The new Basin Study Program is part of a larger effort within Reclamation and the Interior Department to meet water needs for both people and wildlife in the face of climate change and population growth, Connor noted. He added that it is also a key part of Reclamation's implementation of the SECURE Water Act, which was passed as part of the Omnibus Public Land Management Act of 2009.
"It's unclear whether our usage and management is sustainable," he said. "That's what I see Reclamation's role is moving forward: [providing] certainty and sustainability."
Connor's Sept. 17 announcement came on the heels of Interior Secretary Ken Salazar's signing of an order earlier in the week outlining the department's strategy for addressing the current and future impacts of climate change on the country's natural resources, including water.
Connor said he hopes the basin studies will provide a model for how to assess available supplies and how to respond to the inevitable changes that will place new demands on river basins. Reclamation has asked for another $4 million in Interior's 2010 budget request to fund more basin studies next year, Connor said. "There are a lot of river basins out there" that need such studies, he said.

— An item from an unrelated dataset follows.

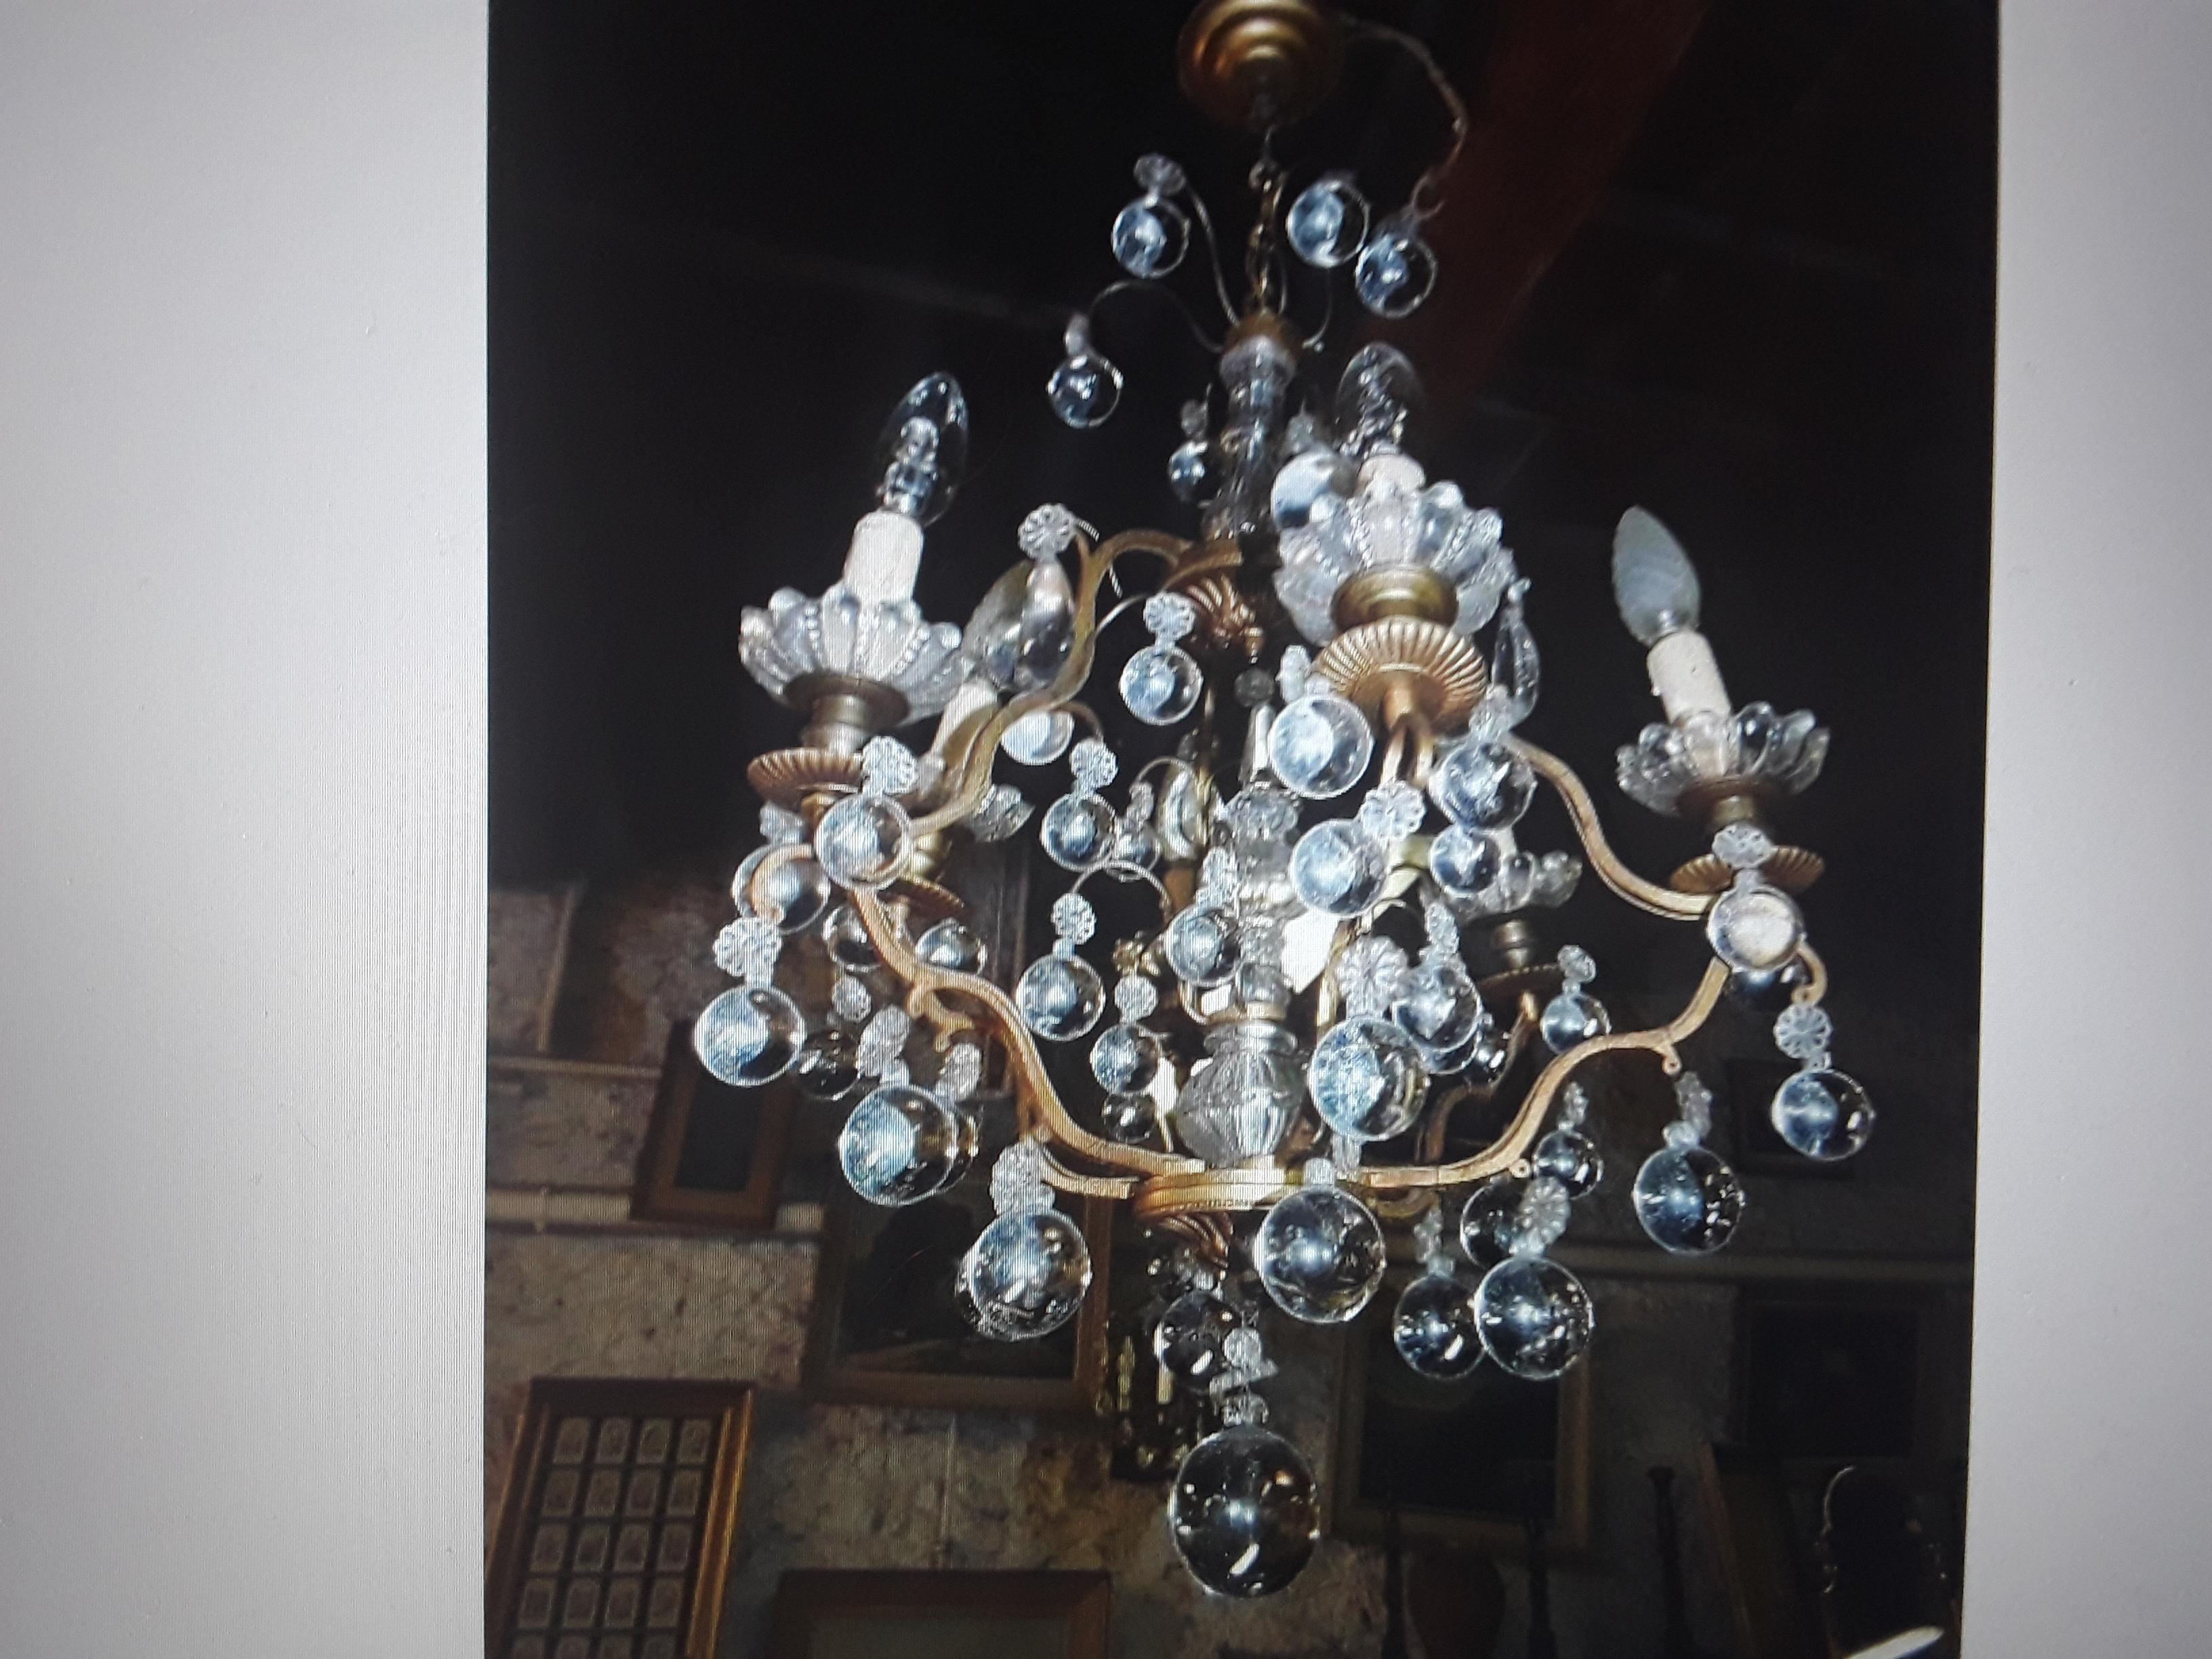 Stunning 1920's French Art Deco Bronze Caged Crystal Bubble Fantasy Chandelier DeLuxe! Beautiful chandelier here and ready to hang.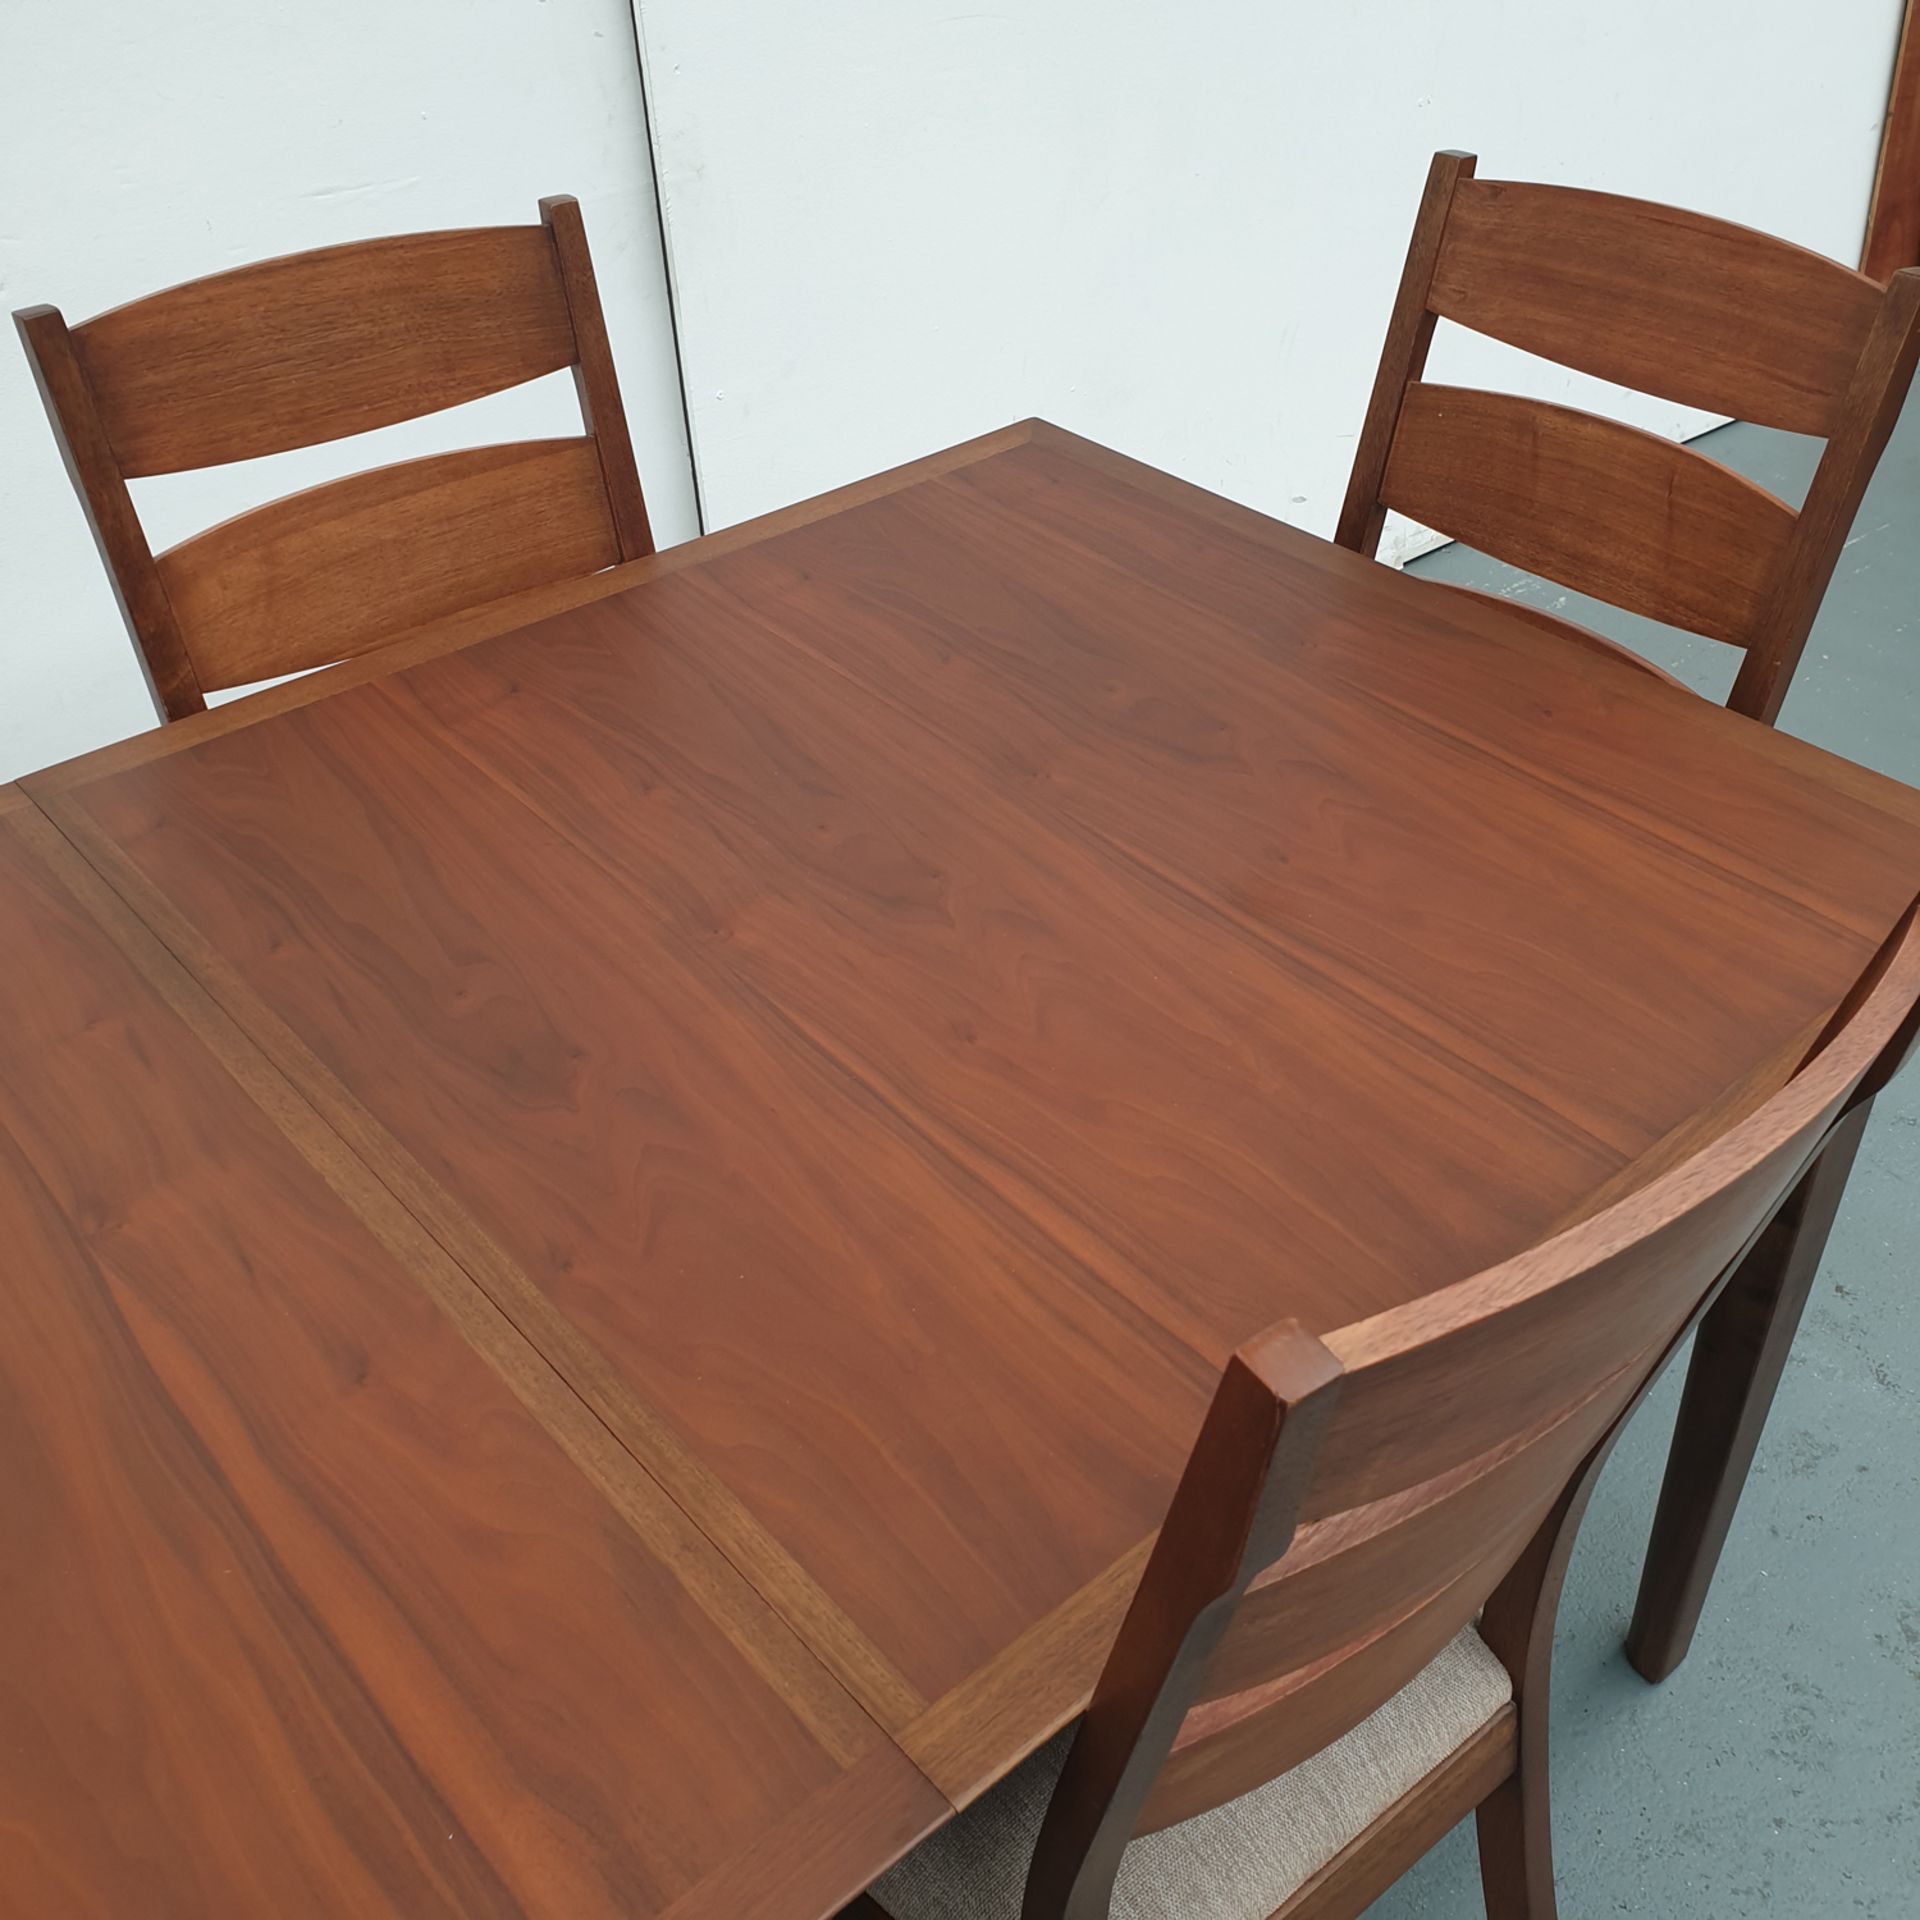 Solid Wood Dining Table & Chairs. Approx Dimensions 1700mm x 900mm x 780mm High. - Image 6 of 11

The three basins awarded funds were chosen from more than two-dozen letters of interest amounting to about $10 million in requested funding.
Praise for the basin-level approach
Tony Willardson, executive director of the Western States Water Council, a project of the Western Governors' Association that focuses on water issues, commended Reclamation for taking a basin-level approach to addressing the unprecedented demands on water supplies.
"Instead of the federal government addressing a problem here and a problem there, they're looking at the whole basin and trying to get ahead of the game," Willardson said.
Reclamation chose the Colorado, Yakima and Milk and St. Mary basins because they face some of the most pressing water challenges and all need to be better studied. For instance, the Colorado River Basin provides water across seven states for 27 million people -- up from 25 million just a few years ago -- but there are significant data gaps in how the basin's water is used and how its supplies can be stretched to meet future needs. It is also one of the regions that will be hit hardest by climate change.
And in the Yakima River Basin, one of the most intensively irrigated basins in the United States, aging infrastructure has managers worried about the reliability of the system, as well as whether existing supplies there will be adequate down the road.
The potential failure of that system, built in the early 1900s, "has implications for the farmers there but also environmental and social impacts," Willardson said. Two fish species in the basin are listed under the Endangered Species Act: bull trout and mid-Columbia steelhead.
In the Milk and St. Mary river systems, which extend into Canada, managers face a tangle of issues relating to changing natural flows, leaking diversion facilities, international commitments and requirements for bull trout.
With all three basins already grappling with huge challenges, the basin studies will be crucial in determining how they will continue to provide water for people and wildlife in a climate-altered future, Willardson said.
"We really don't have a good idea how much more water we'll be using," he said. "So we need to look at water policies in the West and look at growth, climate change and demand now."